The first of a new series of lectures aimed at furthering interest in European Union governance and policy-making will look at legal reasoning in the evolution of European private law.
Marc Amstutz, a professor of business law and legal theory at the University of Fribourg, Switzerland, will discuss “The Interlegality Conundrum in a Multi-level Governance Private Law System and the New Developments in the Marleasing Doctrine of the European Court of Justice”.
This inaugural lecture will take place on Wednesday, Sept. 15, from 12:30 to 2pm, at 519 York Research Tower, Keele campus, as part of a new international lecture series, titled EUCE Lectures on EU Law & Governance. Attendance is free and open to the public. It is hosted by York’s European Union Centre of Excellence (EUCE) in collaboration with the Putting Theory to Practice International Speakers Series and the Critical Research Laboratory in Law & Society at Osgoode Hall Law School.
The new lecture series is part of the EUCE’s mandate to deepen European studies at the University with an international and interdisciplinary outlook. The EUCE Lectures will bring speakers from law, comparative politics, sociology, history and economics to address current trends in European integration.
Right: Marc Amstutz
Amstutz will discuss how the evolution of European private law is taking place in a context of multi-level governance, such as in the interplay of supranational and member-state lawmaking, which is different from the context of a single nation state.
This new context can be addressed as “interlegality”, a term indicating that the law is unfolding in multiple networks of legal orders, says Amstutz. Interlegality is characteristic of bodies of law operating not in, but between national states, namely, that bodies of law, such as the European directives, merely harmonize national legal orders without replacing them with unified rules applicable homogeneously in all the countries concerned.

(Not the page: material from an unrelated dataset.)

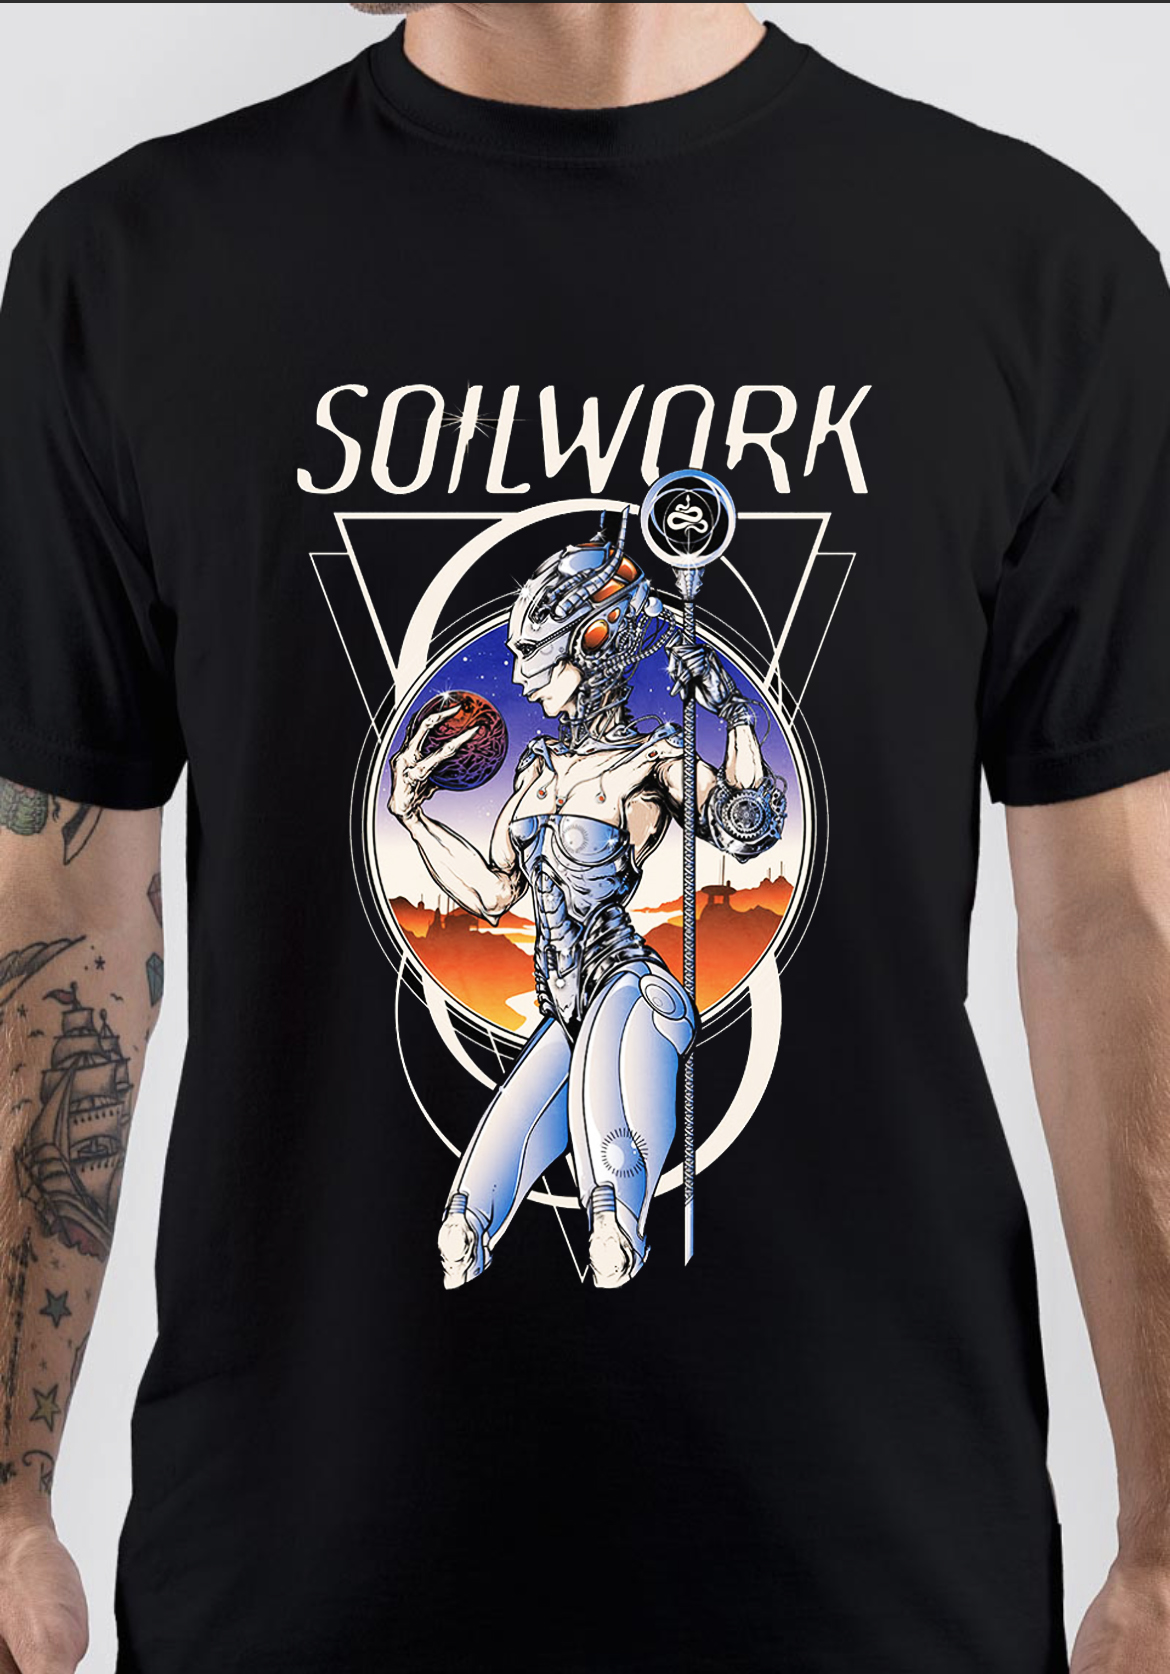 Soilwork T-Shirt And Merchandise
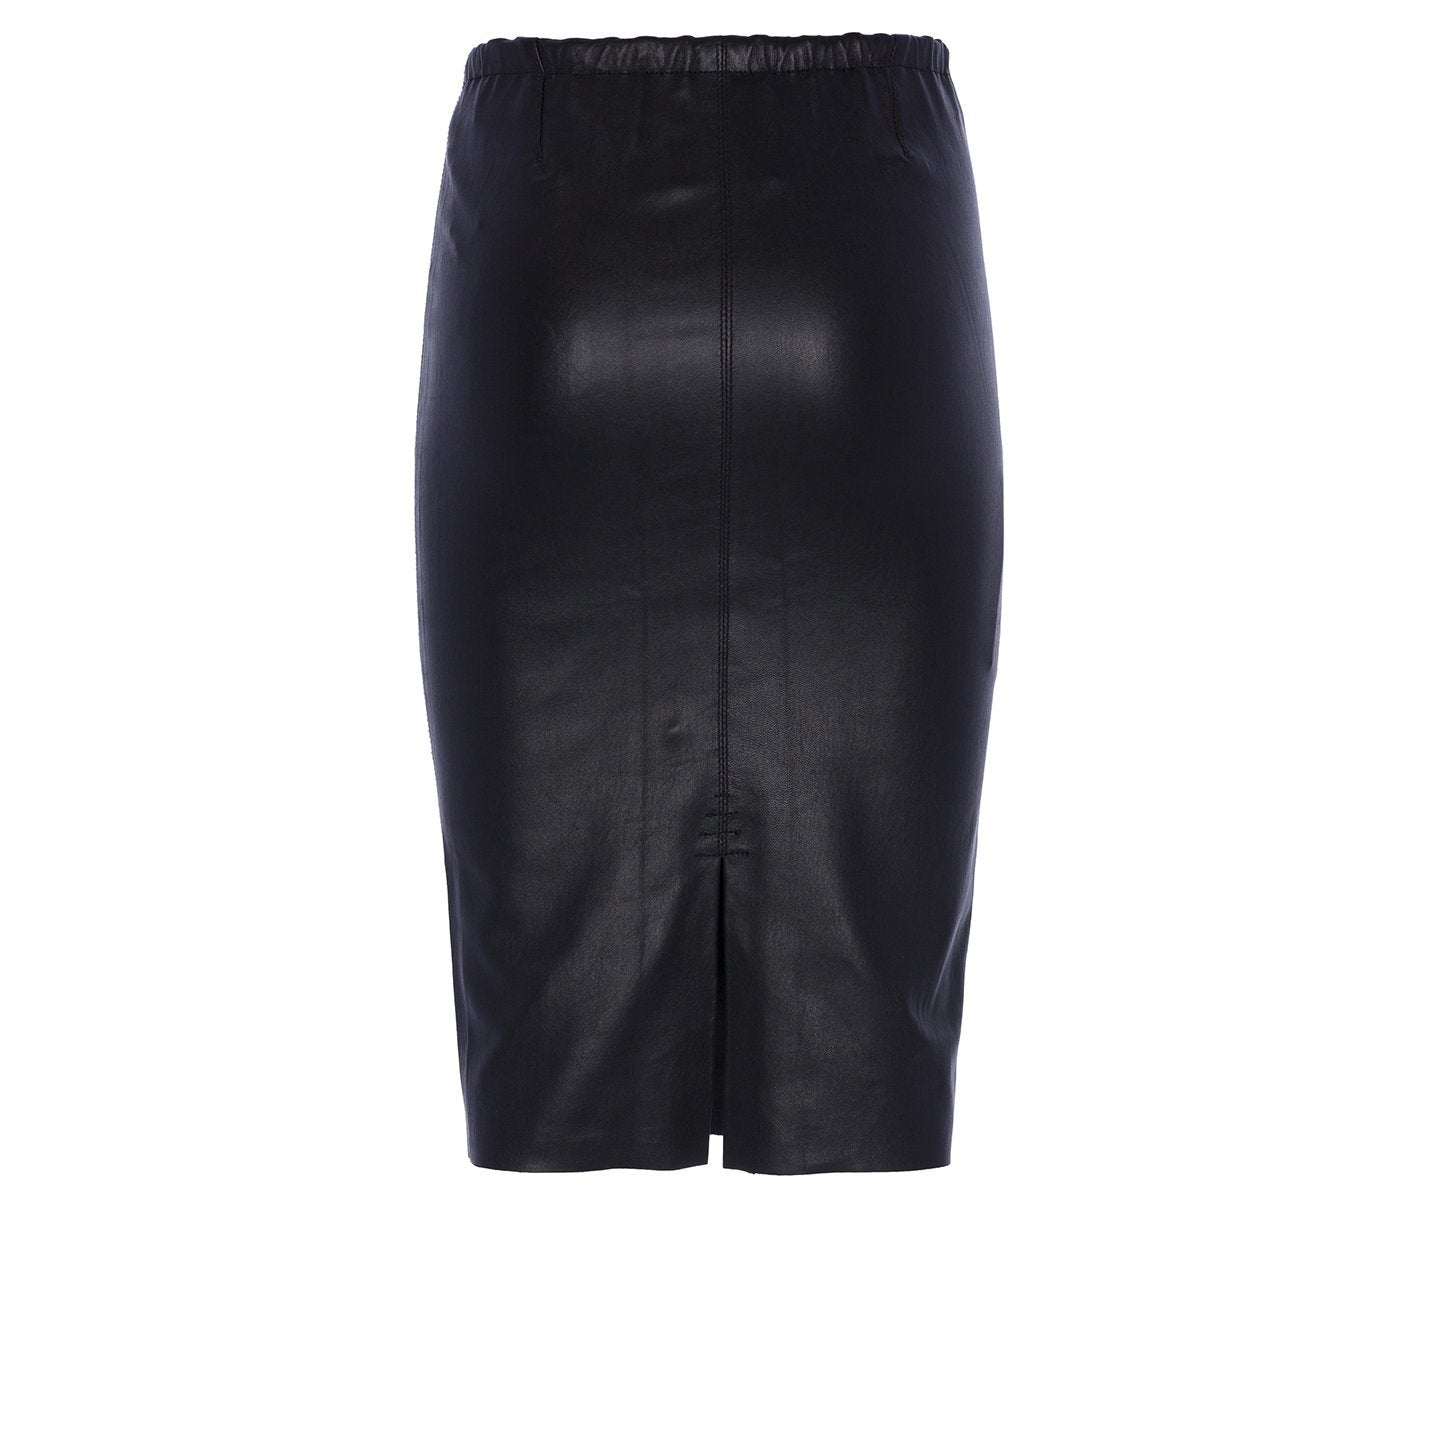 Designer high waisted leather skirt by MON&PAU

In figuring out how to deal with interlegality in European private law, lawmakers and scholars are so busy looking for substantive law solutions that they often fail to see the virtues of an already existing procedural tool developed by the European Court of Justice (ECJ) in the Marleasing doctrine and its progeny.
Amstutz will argue that this case law, operating mainly at the level of rules on legal reasoning and not at the level of substantive law, is a far more sophisticated means of resolving the interlegality conundrum than all the substantive measures discussed in the last years. Namely, the requirement of interpretation in conformity with directives is allowing the common market to develop coherently without neglecting the significance of national legal cultures.
How this difficult equilibrium between legal coherence and legal pluralism might be maintained by the tool the ECJ developed in Marleasing shall be shown by an analysis of recent developments in the court’s case law.
The EUCE Lectures in EU Law & Governance will cover a wide range of topical areas and will be delivered by world-renowned scholars and practitioners.